LMP2 Das Double-Nickase-Plasmid (h) besteht aus einem aufeinander abgestimmten Plasmidpaar, das für die hochspezifische Bearbeitung des PSMB9-Lokus in human-Zelllinien entwickelt wurde. Jedes Plasmid exprimiert eine Cas9-D10A-Nickase und eine spezifische sgRNA, die auf entgegengesetzte DNA-Stränge innerhalb von PSMB9 abzielt. Wenn sie auf benachbarte Stellen auf entgegengesetzten DNA-Strängen gerichtet sind, erzeugen die beiden Nickasen versetzte Einzelstrang-Schnitte, die zusammen einen versetzten Doppelstrangbruch erzeugen, was eine koordinierte On-Target-Aktivität beider Guides erfordert. Der resultierende DNA-Bruch wird durch endogene zelluläre Reparaturwege behoben, meist durch nicht-homologe Endverknüpfung (NHEJ), was zu Insertionen oder Deletionen führt, die die PSMB9-Funktion stören. Durch die Notwendigkeit einer doppelten sgRNA-Bindung am Zielort erhöht der Doppel-Nick-Ansatz die Spezifität der Bearbeitung und bietet eine komplementäre CRISPR-Strategie für Anwendungen, bei denen eine zusätzliche Kontrolle über die Zielgenauigkeit gewünscht ist.

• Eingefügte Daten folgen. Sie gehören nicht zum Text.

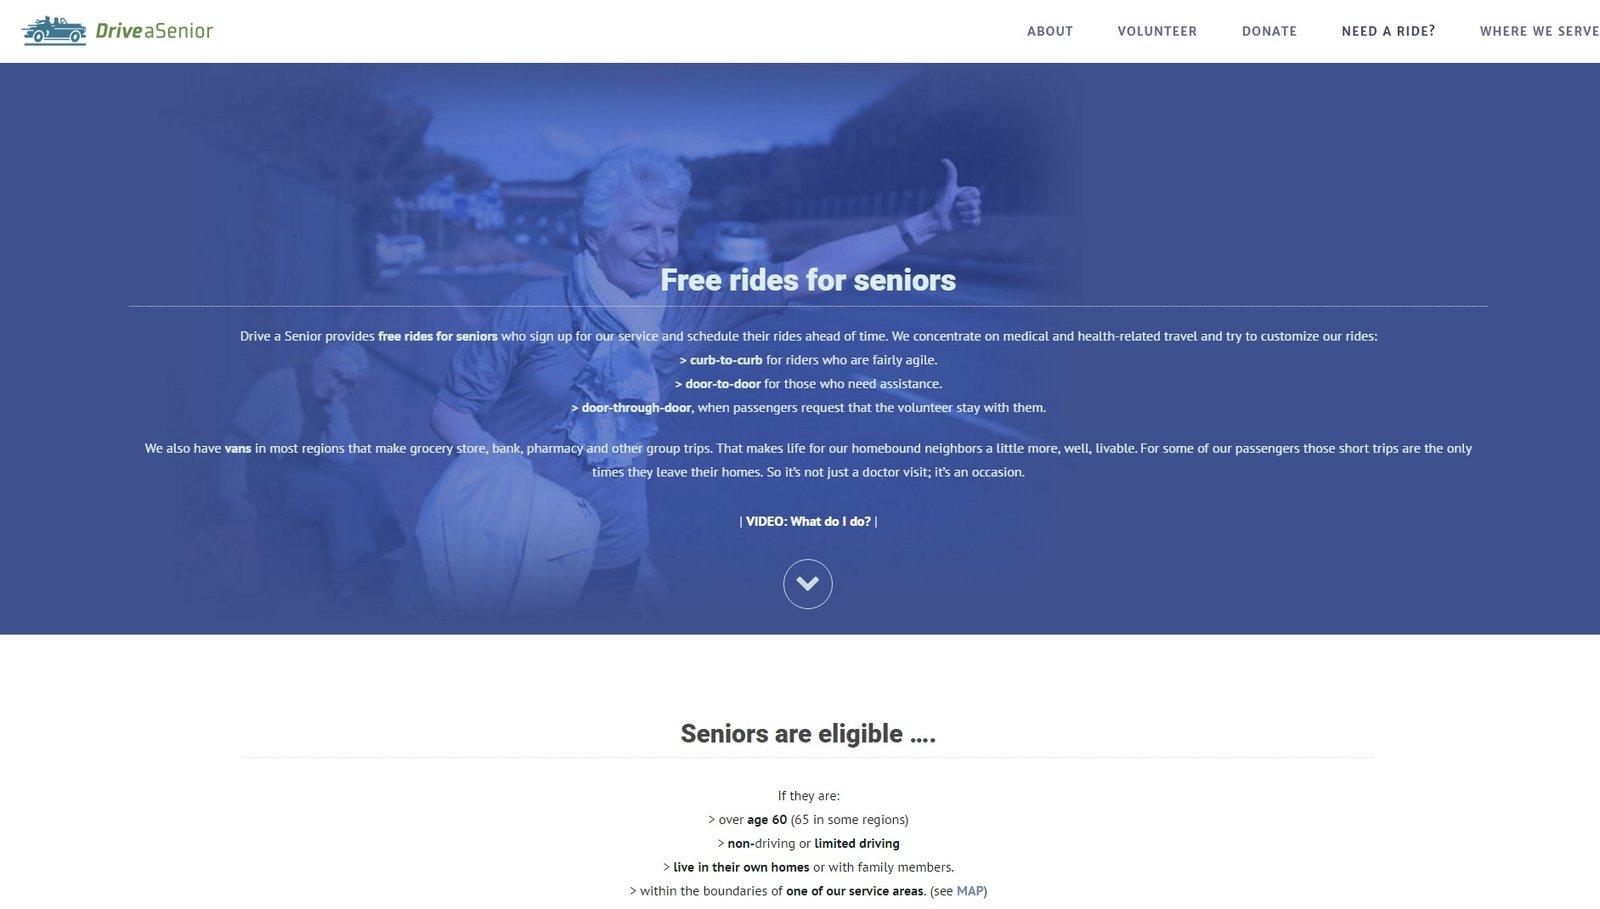 web design of Drive a Senior

Um eine effiziente Identifizierung editierter Zellen zu unterstützen, kodiert ein Plasmid GFP zur fluoreszierenden Visualisierung transfizierter Populationen, während das Begleitplasmid ein Puromycin-Resistenzgen für die Antibiotika-Selektion trägt. Zusammen unterstützen diese Merkmale eine effiziente Anreicherung co-transfizierter Populationen und vereinfachen die Validierung von Klonen mit PSMB9-Störung.
Nur für Forschungszwecke. Nicht für diagnostische oder therapeutische Zwecke bestimmt.